Conjugate compositions that combine a functionalized I-domain peptide covalently bound to multiple signal-1 blocking moieties to reduce type-1 immune responses.
Autoimmune diseases such as multiple sclerosis, rheumatoid arthritis, and type-I diabetes are examples of conditions where the host immune system attacks host cells and tissues. These diseases are based on normal antigens causing T-cells to differentiate into type 1 helper cells that destroy healthy cells and tissues. Present treatments can slow the progression but become ineffective when epitope spreading causes a different antigen to differentiate T-cells into type-1 helper cells. The present invention provides a method for appending multiple Signal-1 antigens to a Signal-2 antigen to prevent epitope spreading from increasing the progression of autoimmune diseases.
The invention provides conjugate compounds that can treat and slow the progression of autoimmune diseases.
The core invention provides a method for adding a peptide sequence to an epitope specific for a Signal-2 antigen receptor. The peptide contains multiple lysine residues that are ultimately modified. The modified lysine residues contain moieties that allow for easy addition of additional peptide units. These added peptide units consist of multiple epitopes that can bind to different possible Signal-1 receptors on naive T-cells.

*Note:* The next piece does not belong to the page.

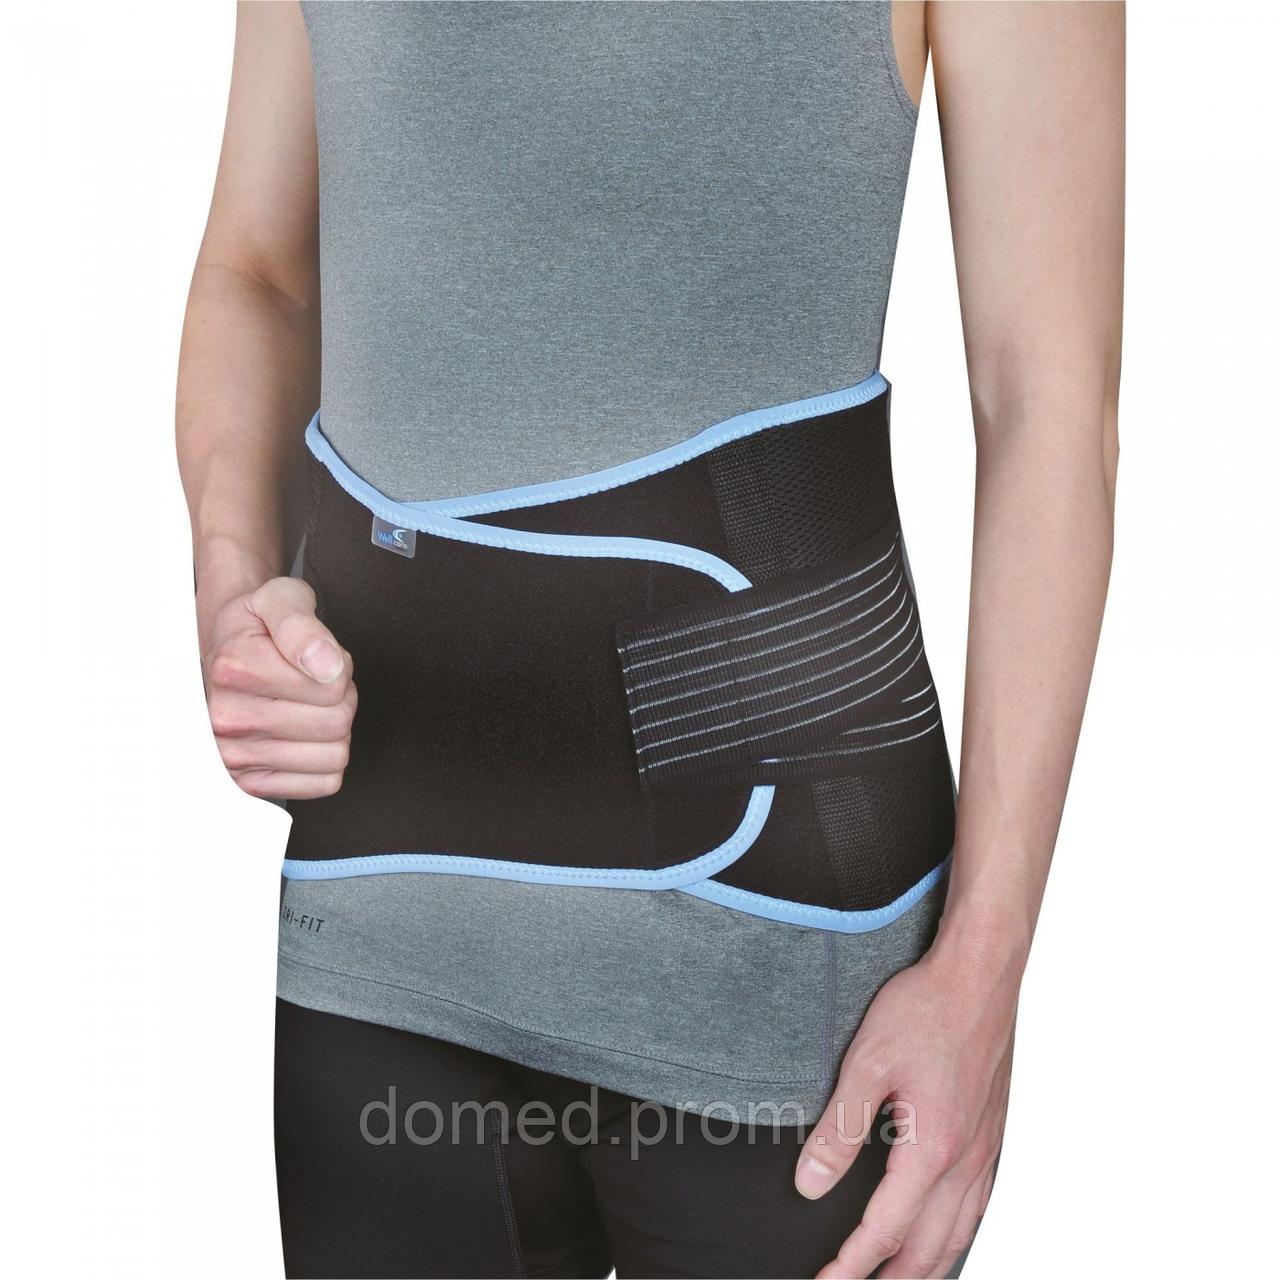 Бандаж для поясницы со стабилизирующими ребрами жесткости Wellcare 23014

This creates a multifunctional antigen conjugate compound capable of inhibiting Signal-1 and Signal-2 causing T-cells to differentiate into type 2 helper cells creating an anergic response in the area of the disease.

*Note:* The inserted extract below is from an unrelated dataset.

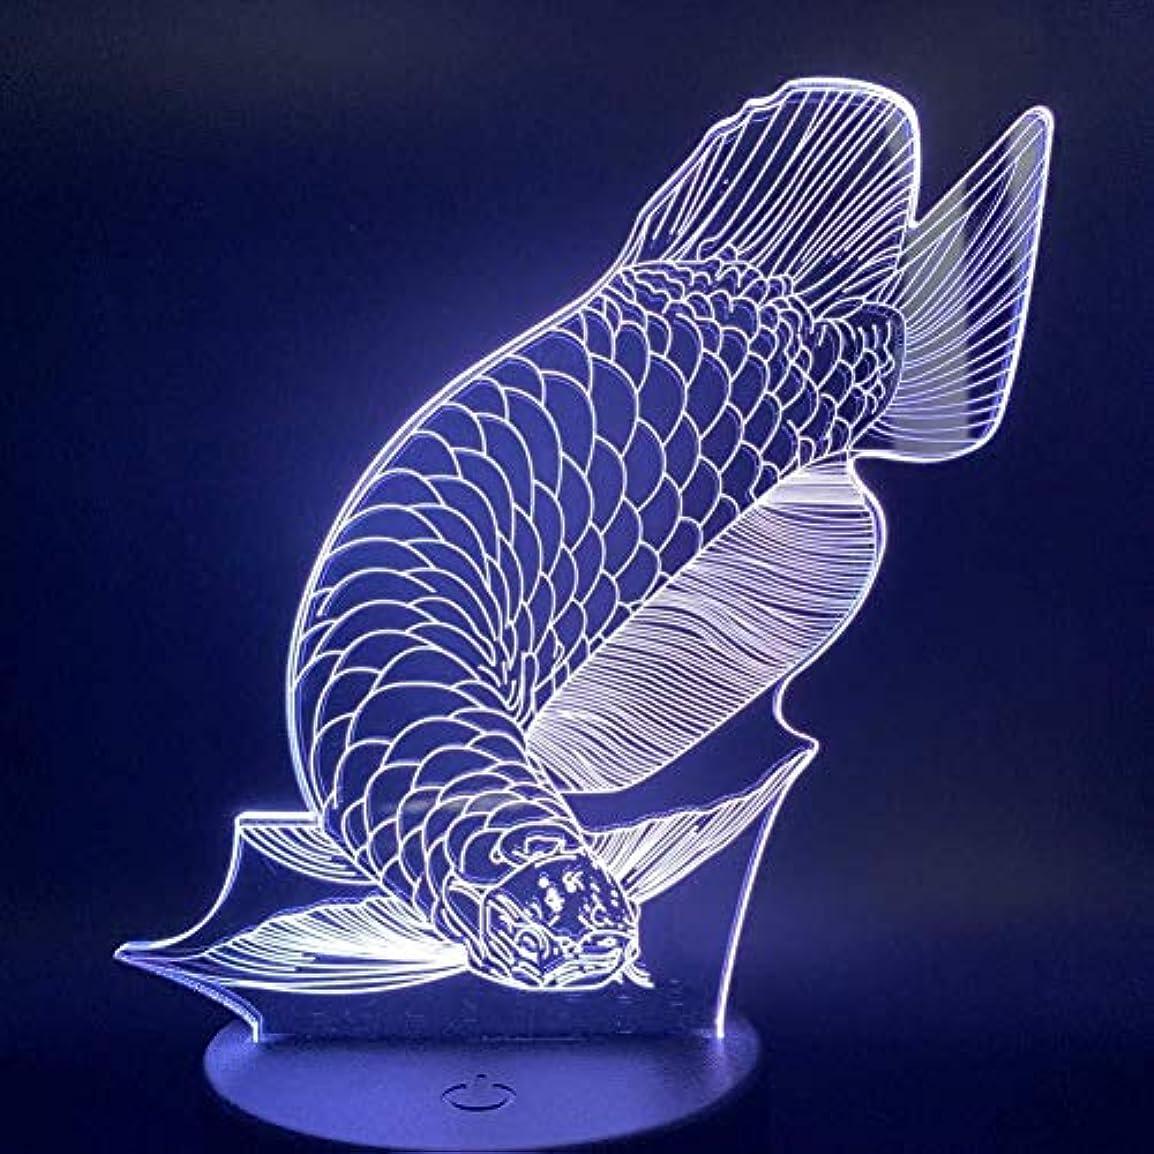 クランプ顎ステッチ3Dイリュージョンランプラブリー魚ナイトライトキッズギフトリビングルーム動物ランプNightlights子供のギフト装飾LEDナイトライト

The invention creates a two-fold process for inhibiting the differentiation of type 1 helper cells that are the primary culprit in the progression of autoimmune diseases.
The current monofunctional and bifunctional peptides that are used to treat autoimmune diseases work with relatively good efficiency in the initial treatment such diseases. Their effectiveness decreases when a different antigen activates Signal-1 through epitope spreading. The current invention solves this problem through the ability to amend multiple Signal-1 blocking epitopes to a single Signal-2 epitope. This allows for a variety of activating epitopes to be blocked from activating Signal-1 and overcome the problem of epitope spreading.